## To do
The whole listing, please: repeat it exactly, with the pictures left out.

## Data
========================

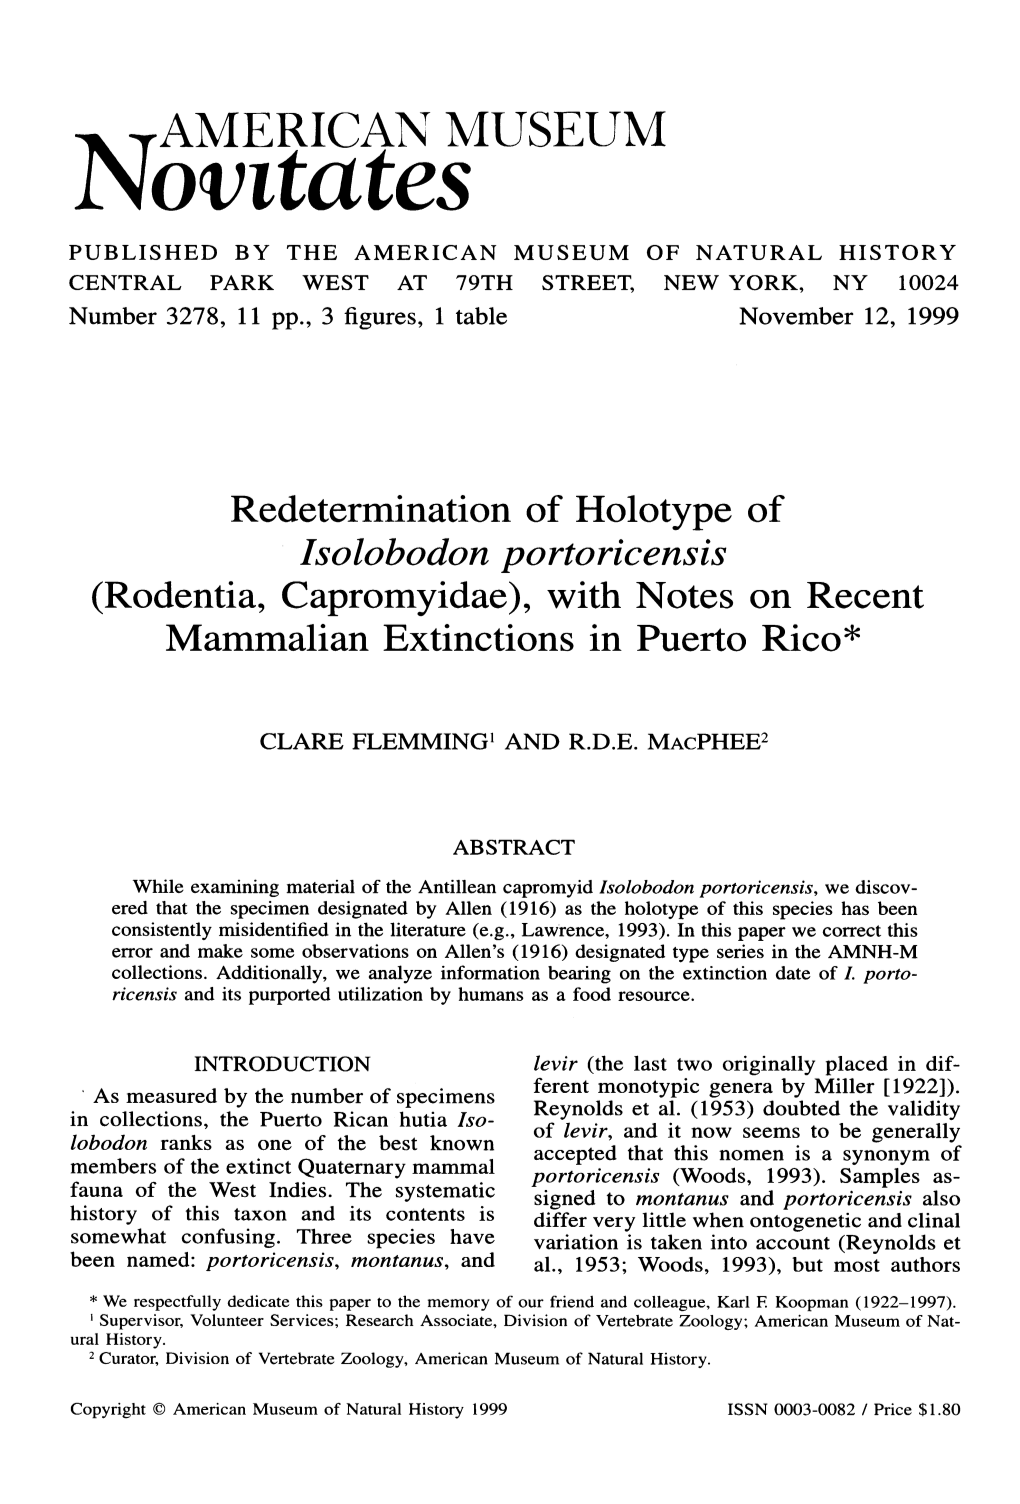 Isolobodon Portoricensis (Rodentia, Capromyidae), with Notes on Recent Mammalian Extinctions in Puerto Rico*
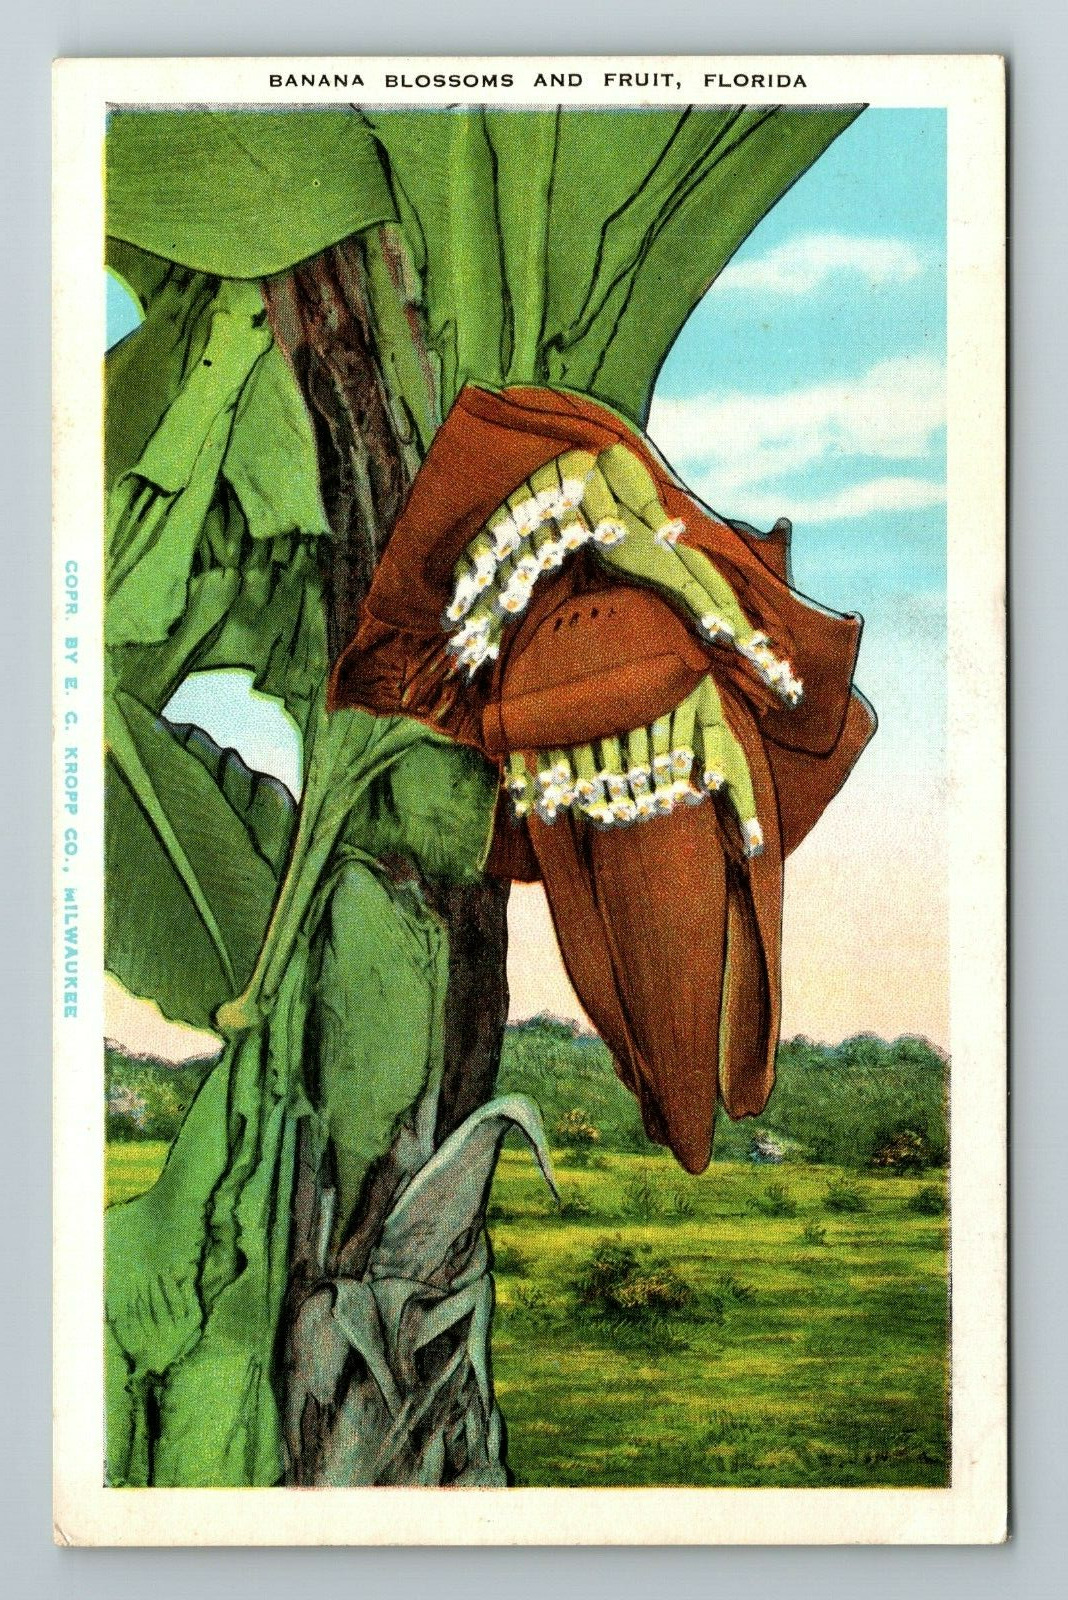 FL-Florida, Banana Blossoms And Fruit, Scenic Nature View, Vintage Postcard
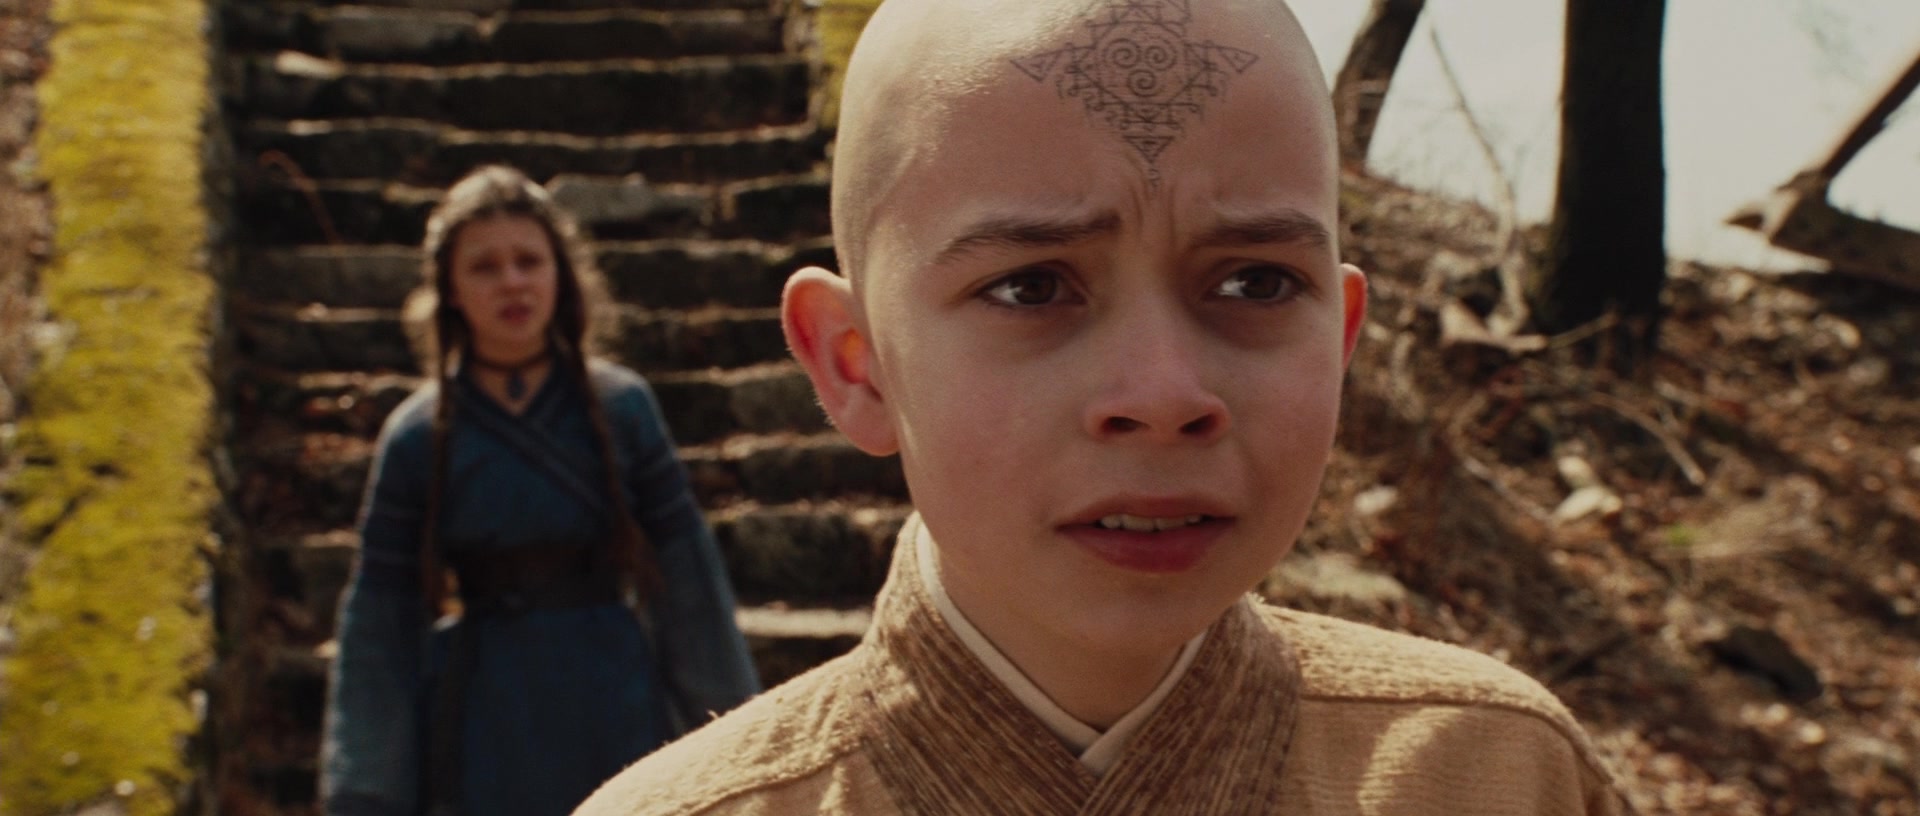 Aang (Noah Ringer) discovers the ruins of the Air Bender's Temple in The Last Airbender (2010), Paramount Pictures

========================

## Answer space
 Isolobodon Portoricensis (Rodentia, Capromyidae), with Notes on Recent Mammalian Extinctions in Puerto Rico*
 FL-Florida, Banana Blossoms And Fruit, Scenic Nature View, Vintage Postcard
 Aang (Noah Ringer) discovers the ruins of the Air Bender's Temple in The Last Airbender (2010), Paramount Pictures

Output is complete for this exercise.